Bond market reaction to rate cuts by the ECB (European Central Bank) and PBOC (People’s Bank of China) was muted as the market is more focused on domestic factors of inflation and liquidity. ECB cut rates by 25bps and the PBOC cut lending rates by 31bps last week. The move by ECB was expected but the PBOC cut was a surprise to the markets, as the central bank had last cut rates in June 2012. Bond markets in India do sometimes react positively to rate cuts across the globe but this time markets stayed indifferent to the rate cuts and bond yields hardly moved on the news. Bond markets are not expecting RBI to lower their guard against inflation and follow other global central banks in sharply reducing policy rates.
Bond yields closed lower week on week on the back of better than expected cut off on the new fourteen year bond and on the back of easing liquidity conditions. The ten year benchmark bond the 8.15% 2022 bond saw yields close down 2bps week on week to 8.15% levels. The new fourteen year bond that was auctioned last week saw the cut off come in at 8.33%, 6bps lower than the levels traded in the when issued market. The positive cut off on the 8.33% 2026 bond suggest that bond markets are eager for fresh on the run bonds as pricing and trading such bonds is easier than trying to find a level for bonds going off the run. The market now has three new benchmark bonds to trade, the 8.07% 2015 bond, the 8.15% 2022 bond and the 8.33% 2026 bond, leading to higher trading activity in the coming weeks.
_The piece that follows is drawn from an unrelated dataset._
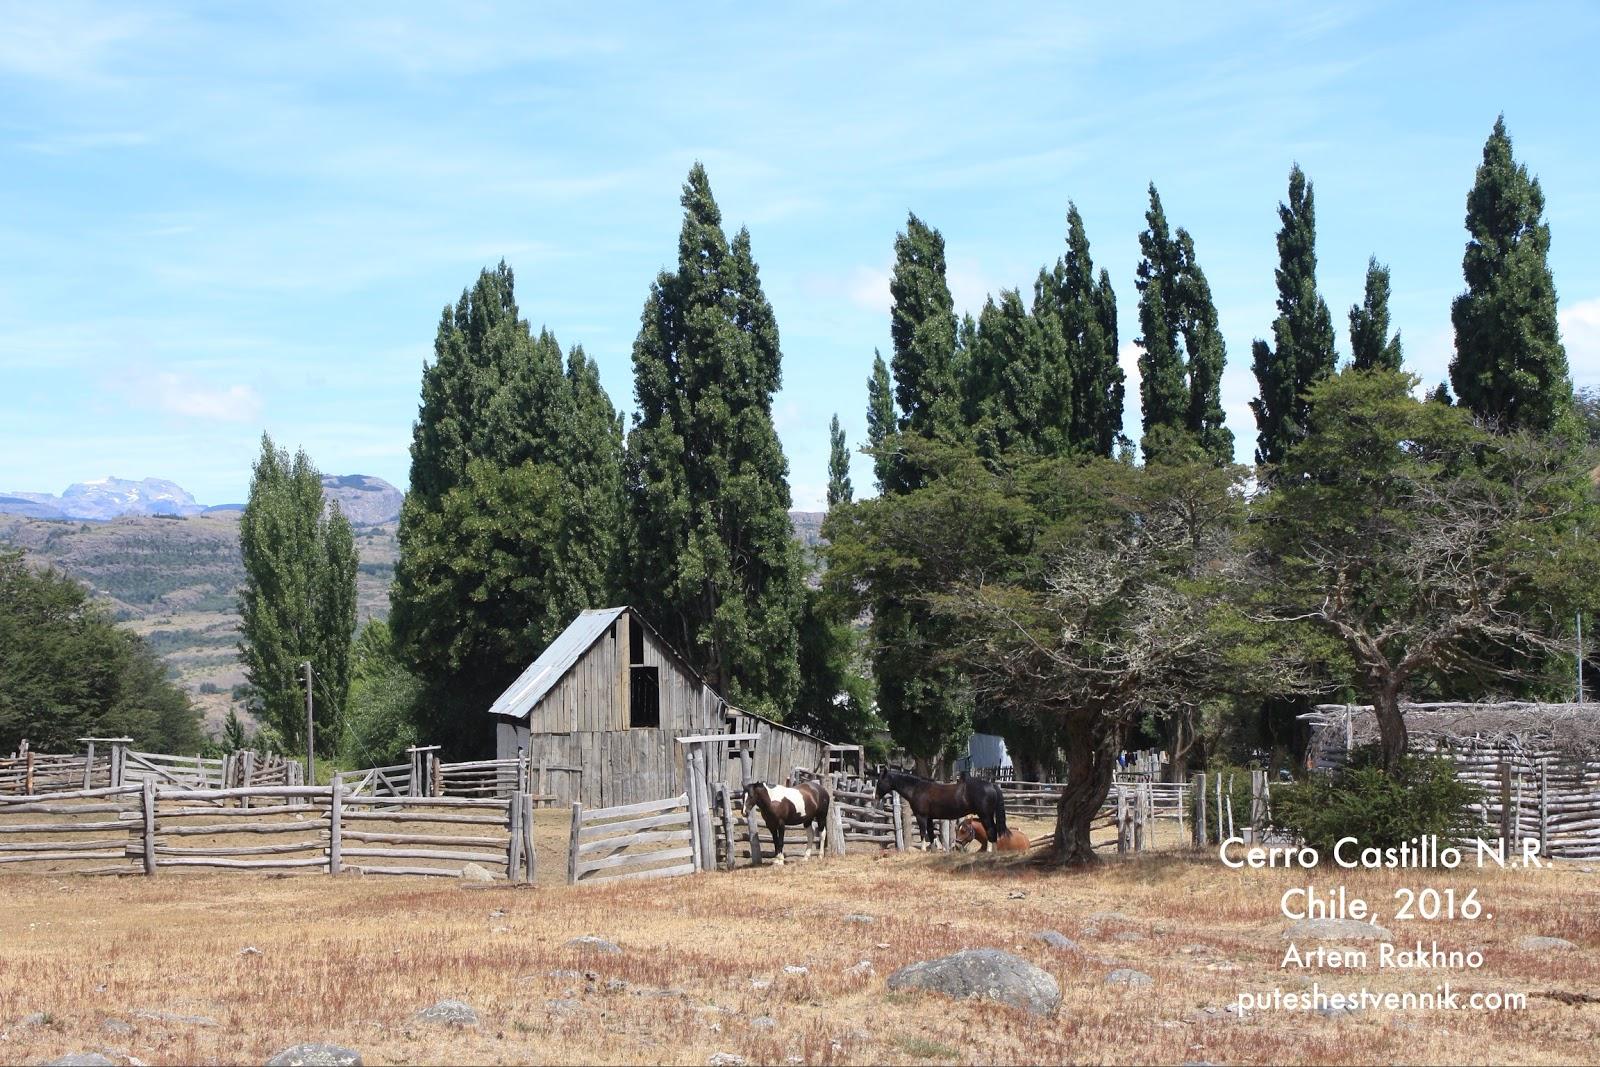 Лошади в чилийской деревне

Liquidity eased last week with liquidity as measured by bids for repo in the LAF (Liquidity Adjustment Facility) auction of the RBI averaging Rs 43,000 crores on a daily basis last week against an average of Rs 89,000 crores seen in the week before last. Liquidity eased despite last week being the first week of the reporting fortnight where banks look to over cover their product. Liquidity eased on the back of government spending on salaries and other such heads in the first week of the month.
Easing liquidity conditions brought down yields on money market securities with one year CD (Certificate of Deposit) yields falling 10bps week on week. Money market security yields are likely to trend down further on the back of easing of concerns on liquidity. Banks have hardly seen any deposit or credit growth (both close to zero percent growth) in the April-June 2012 period while RBI has infused primary liquidity of Rs 79,000 crores into the system through government bond purchases. RBI’s liquidity infusion will be felt in the coming weeks given that credit has not picked up.
The OIS (Overnight Index Swaps) market saw the yield curve fall with one and five year OIS yields moving down 6bps and 3bps week on week respectively. Improved outlook on liquidity helped OIS yields move down and the curve is likely to see its inversion come off from current levels of 57bps if liquidity trends towards the positive side.
RBI for the first time released an indicative borrowing program by the state governments. State governments are expected to borrow around Rs 36,000 crores to Rs 40,000 crores in the July-September 2012 quarter. The level of state government borrowing is reasonable and will not impact bond markets in terms of supply and liquidity.
Government bond auctions and OMO’s
There government auctioned Rs 15,000 crores of bonds last week. The bonds auctioned were the 8.19% 2020 for Rs 4000 crores, a new 14 year bond for Rs 6000 crores, the 8.28% 2032 bond for Rs 2000 crores and the 8.33% 2041 bond for Rs 3000 crores. The cut offs came in at 8.21%, 8.33%, 8.55% and 8.65% respectively. The government is scheduled to auction Rs 16,000 crores of bonds this week.